Municipal bond sellers emerged Tuesday morning amid a softer market and a flurry of primary deals expected to price later in the day.

"It's a little busier," a New York trader said. "There are lots of sellers and a lot of stuff out for the bid." But with June reinvestment money about to hit the market and little supply, traders didn't expect the sell-off to last long.

Bank of America Merrill Lynch is expected to hold a second retail order period on $944.7 million of New York City general obligation bonds, rated A2 by Moody's Investors Service and AA by Standard & Poor's and Fitch Ratings. Institutional pricing is expected Wednesday.

In the first retail order period, yields on the first series of $266.6 million ranged from 0.39% with 2% and 3% coupons in a split 2015 maturity to 2.28% with 3% and 4% coupons in a split 2023 maturity. Bonds maturing in 2013 and 2014 were offered via sealed bid. Bonds maturing in 2024 and 2025 were not offered for retail. The bonds are callable at par in 2023.

Yields on the second series of $678.1 million ranged from 0.39% with a 5% coupon in 2015 to 3.00% with a 3% coupon in 2027. Bonds maturing in 2014 were offered via sealed bid. Bonds maturing in 2024 and 2025 were not offered for retail. The bonds are callable at par in 2023.

Goldman, Sachs & Co. is expected to price for retail $452 million of Los Angeles Department of Water and Power System revenue bonds, rated Aa3 by Moody's and AA-minus by Standard & Poor's and Fitch. Institutional pricing is expected Wednesday.

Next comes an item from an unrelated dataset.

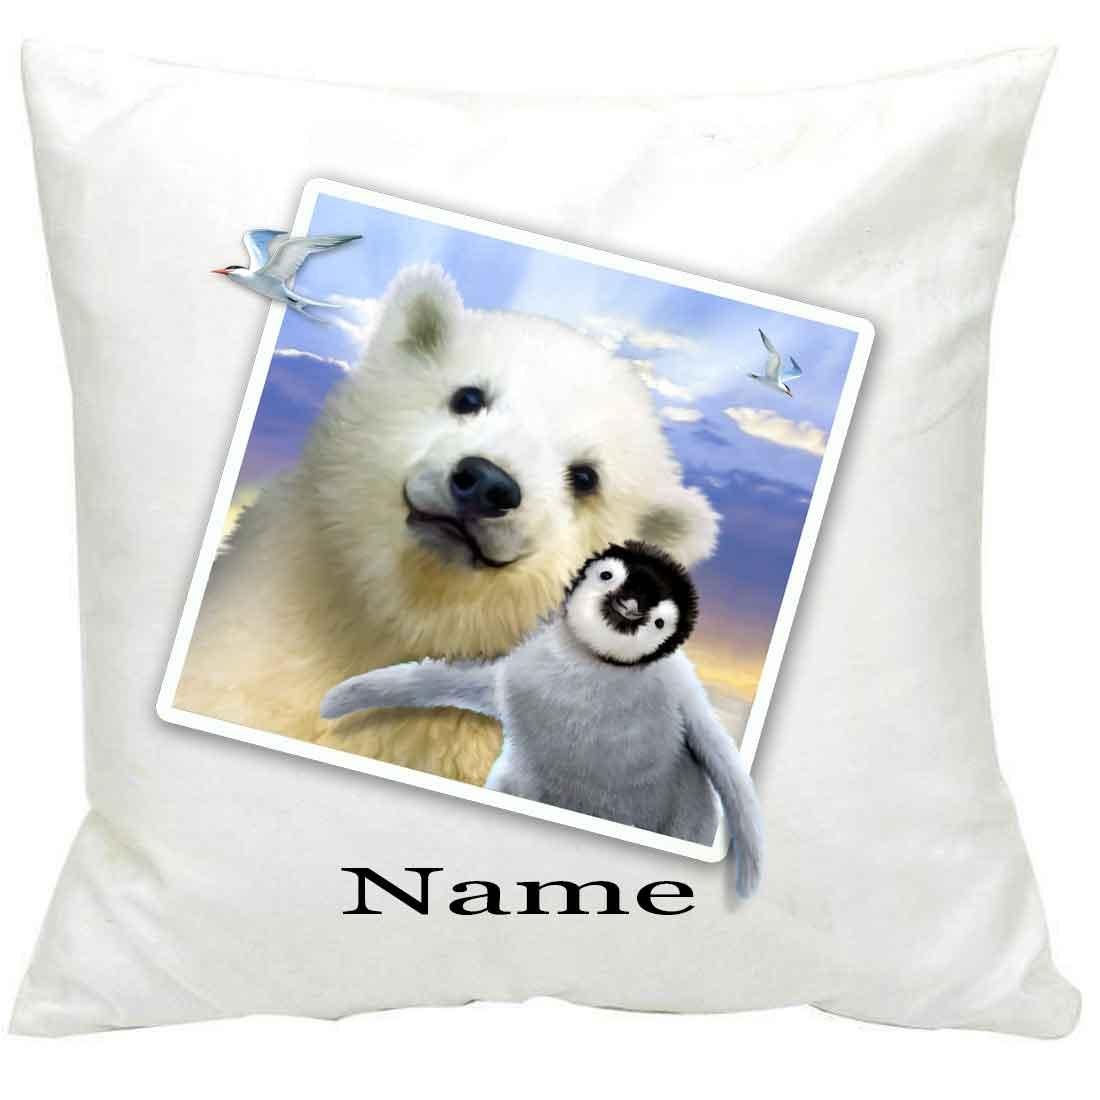 PersonalisedPolar Pals Selfie Printed Cushion

Raymond James is expected to price for institutions $117.8 million of Dormitory Authority of the State of New York school districts revenue bond financing programs, following a retail pricing Monday.

The first series of $35.4 million is rated A-plus by Standard & Poor's and Fitch. Yields ranged from 0.70% with a 2% coupon in 2015 to 3.29% with a 4% coupon in 2028. Bonds maturing in 2013 were offered via sealed bid. Bonds maturing between 2016 and 2028 were insured by Assured Guaranty Municipal Corp. The bonds are callable at par in 2023.

The second series of $7.6 million is rated AA by Standard & Poor's and A-plus by Fitch. Yields ranged from 0.45% with a 2% coupon in 2014 to 3.81% with a 4% coupon in 2042. The bonds are callable at par in 2023.

The third series of $28.6 million is rated AA-minus by Standard & Poor's and A-plus by Fitch. Yields ranged from 0.60% with a 2% coupon in 2015 to 3.54% with a 3.5% coupon in 2032. Bonds maturing in 2014 were offered via sealed bid. The bonds are callable at par in 2023.

The fourth series of $6.3 million is rated Aa3 by Moody's and A-plus by Fitch. Yields ranged from 0.50% with a 3% coupon in 2014 to 3.86% with a 4% coupon in 2042. The bonds are callable at par in 2023.

The fifth series of $39.9 million is rated A-plus by Standard & Poor's and Fitch. Yields ranged from 0.80% with a 2% coupon in 2015 to 3.39% with a 4% coupon in 2028. Bonds maturing between 2016 and 2028 were insured by AGM. Credits maturing in 2014 were offered via sealed bid. The bonds are callable at par in 2023.

In the competitive market, triple-A rated Prince George's County, Md., is expected to auction $216.7 million of GOs.

Yields on the Municipal Market Data scale were as much as three basis points weaker Monday. The 10-year yield increased one basis point to 1.83% and the 30-year yield jumped three basis points to 3.00%. The two-year held steady at 0.28% for the eighth session.

The Municipal Market Advisors 5% scale showed yields rising as much as two basis points. The 10-year and 30-year yields increased one basis point each to 1.89% and 3.11%. The two-year yield held steady at 0.33% for a seventh consecutive session.

Treasuries were weaker Tuesday for a second session this week. The benchmark 10-year yield increased two basis points to 1.99% and the 30-year yield rose one basis point to 3.19%. The two-year was steady at 0.25%.